DATASET SECTION =

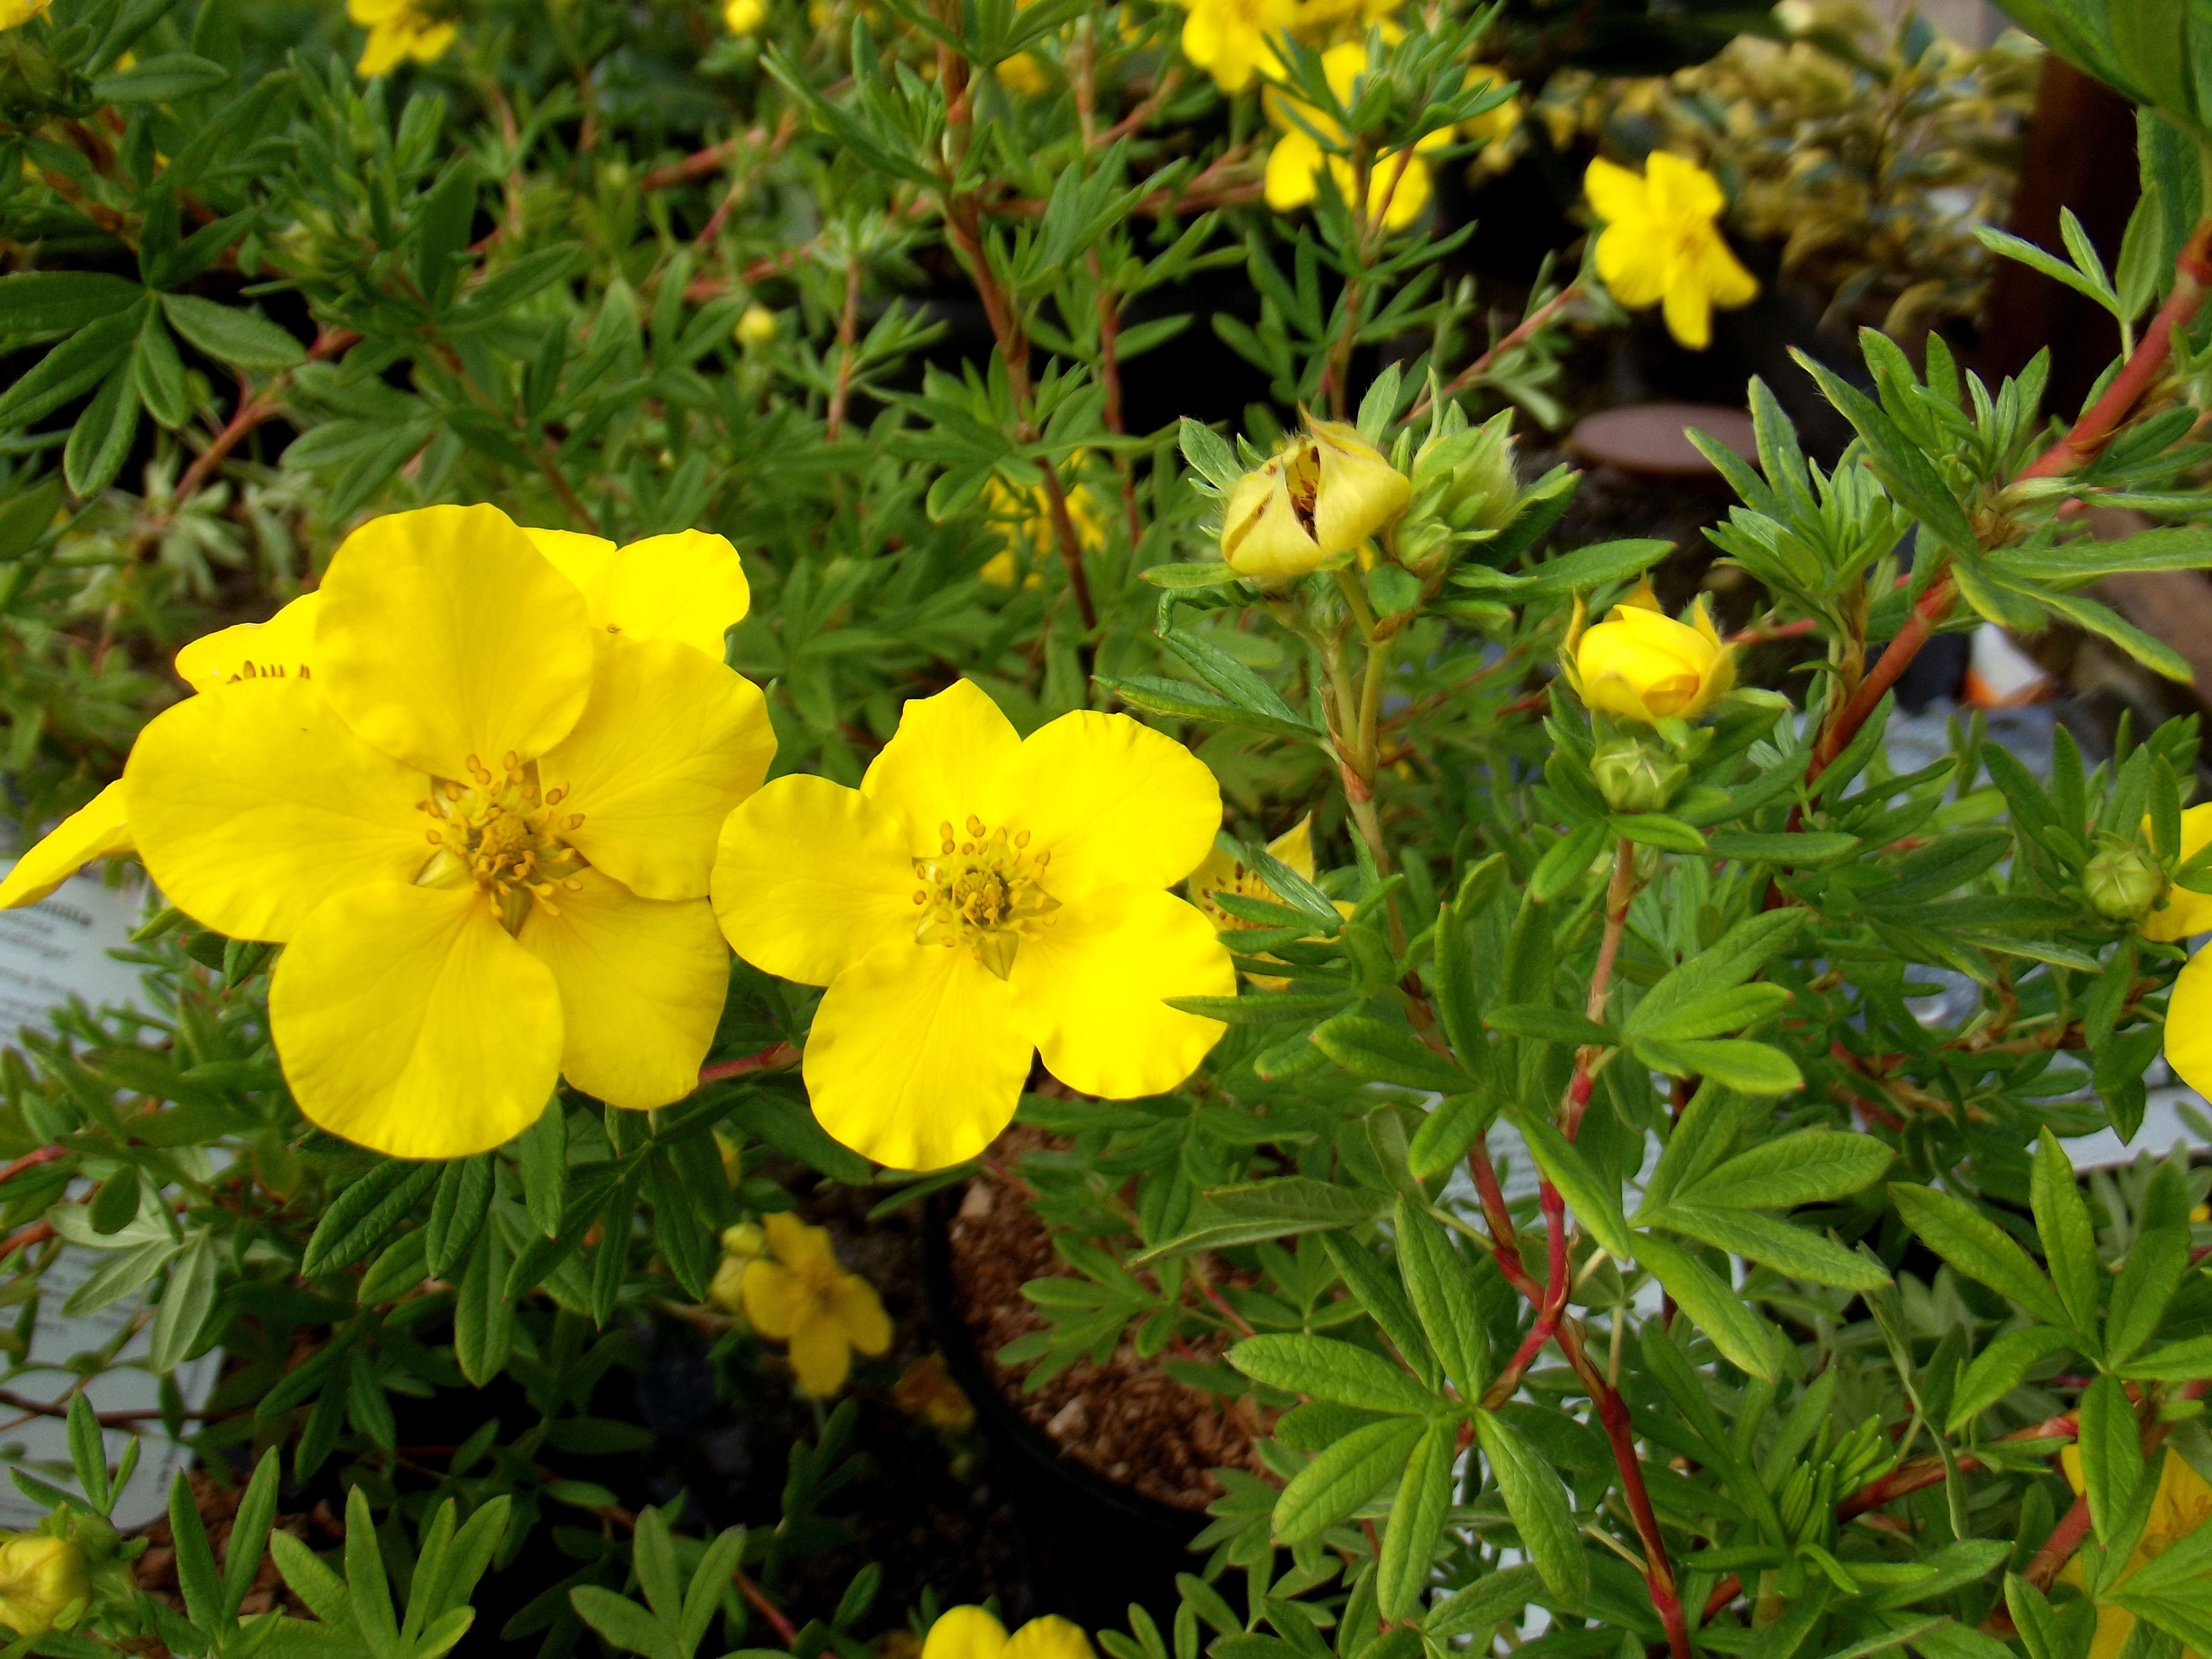 Potentilla Fructicos Gold Finger Buttercup shrub With an
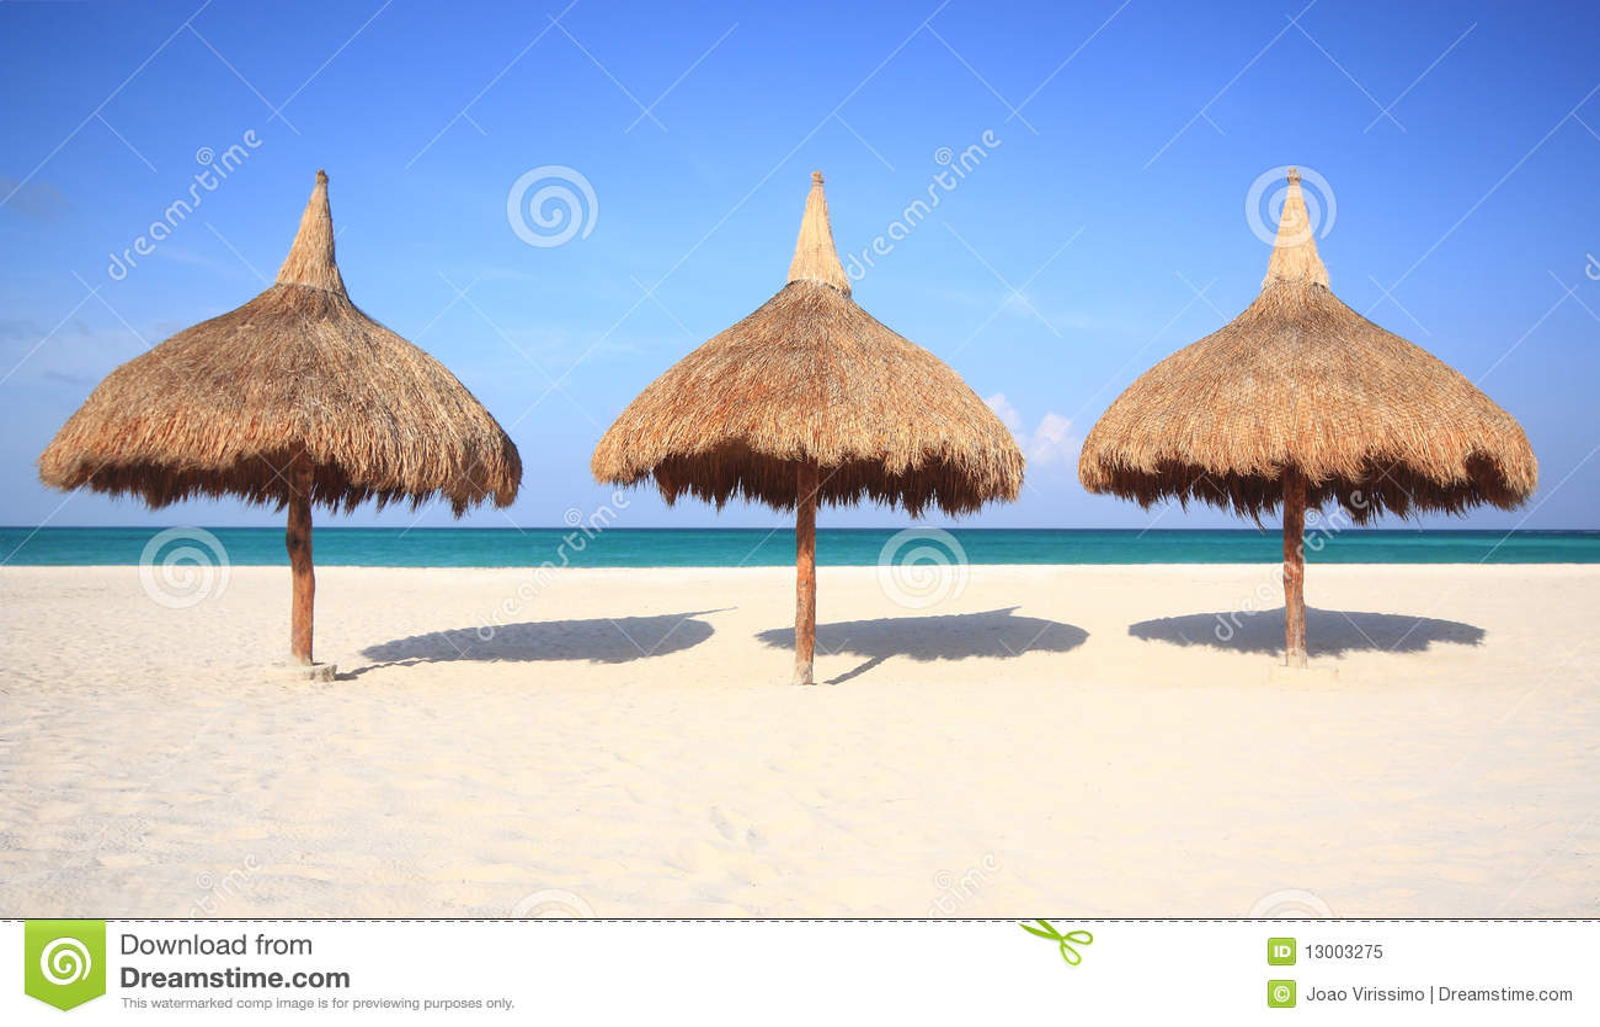 Guarda-chuvas de praia
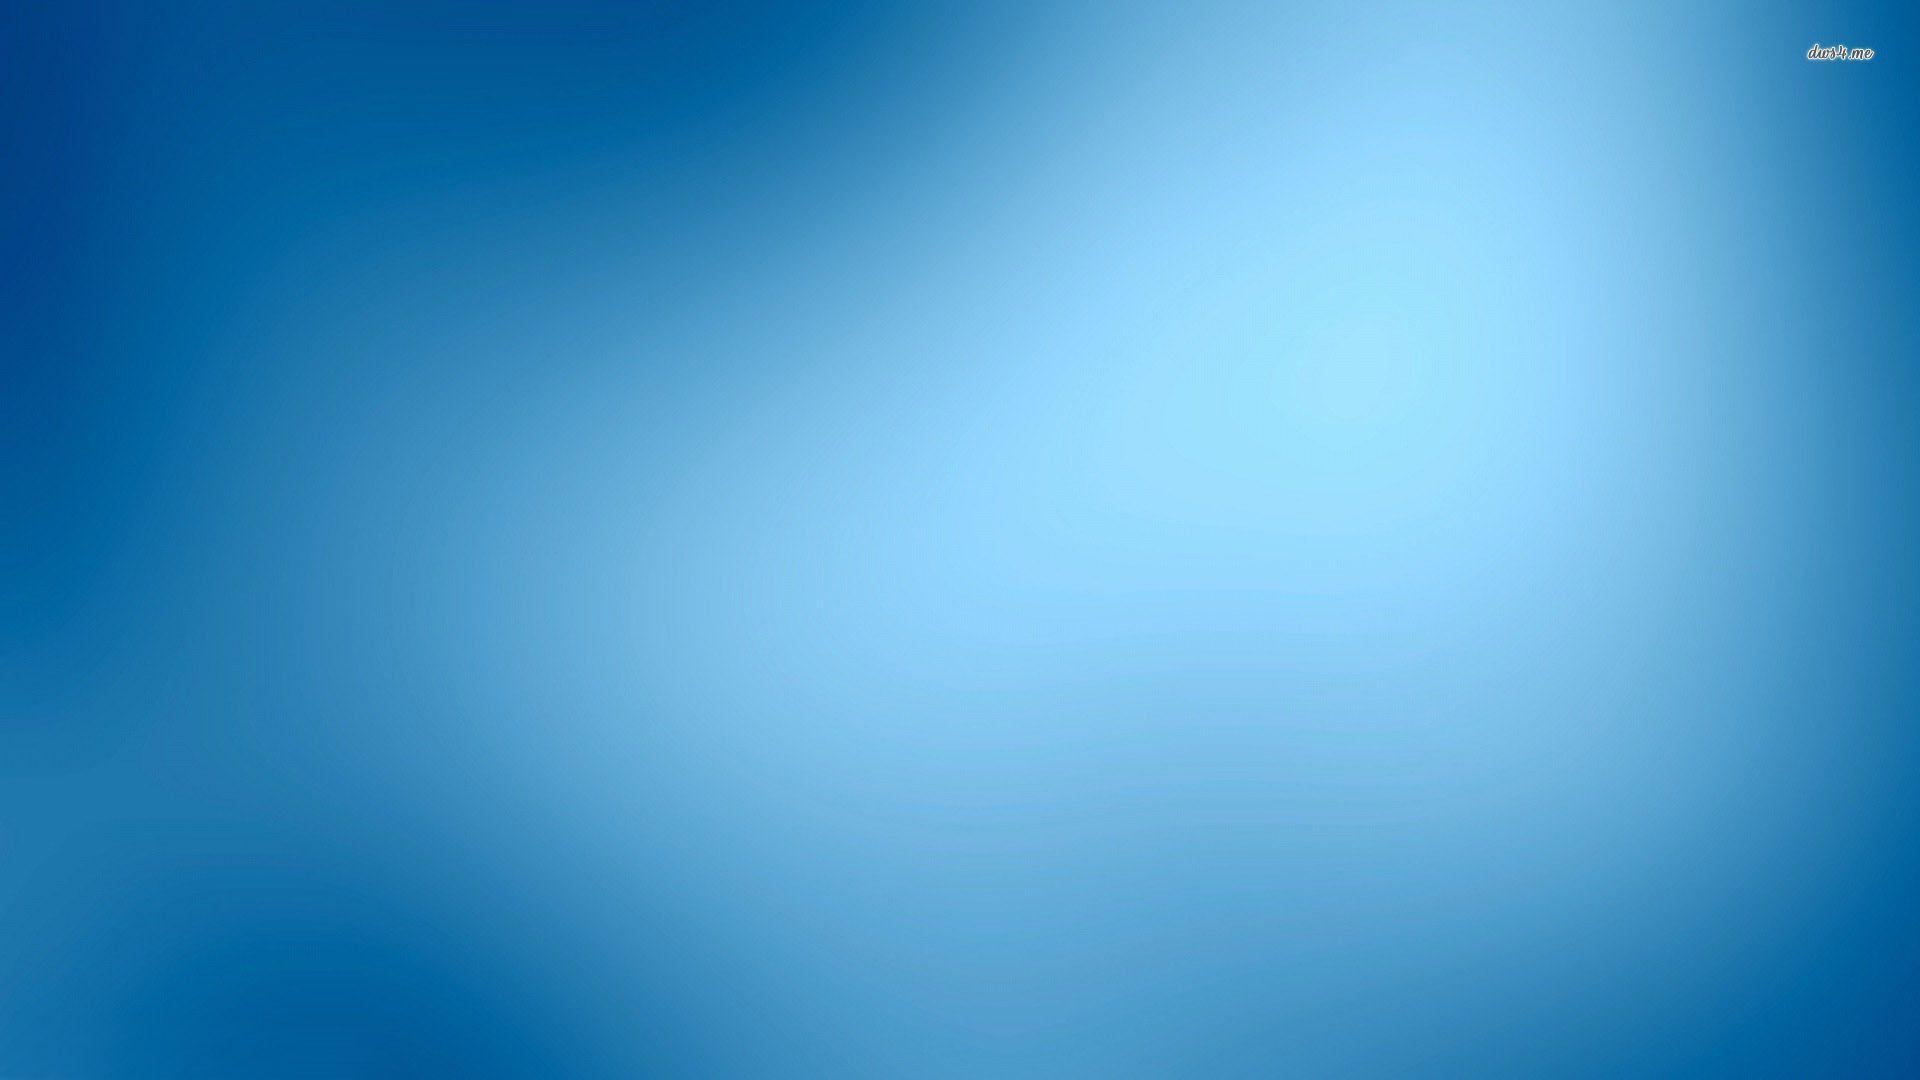 wallpaper background gradient blue - photo #8

WHAT YOU ARE ASKED TO DO = Return the material exactly as it reads, though without the pictures it holds.

RESPONSE TO THIS EXERCISE =
 Potentilla Fructicos Gold Finger Buttercup shrub With an
 Guarda-chuvas de praia
 wallpaper background gradient blue - photo #8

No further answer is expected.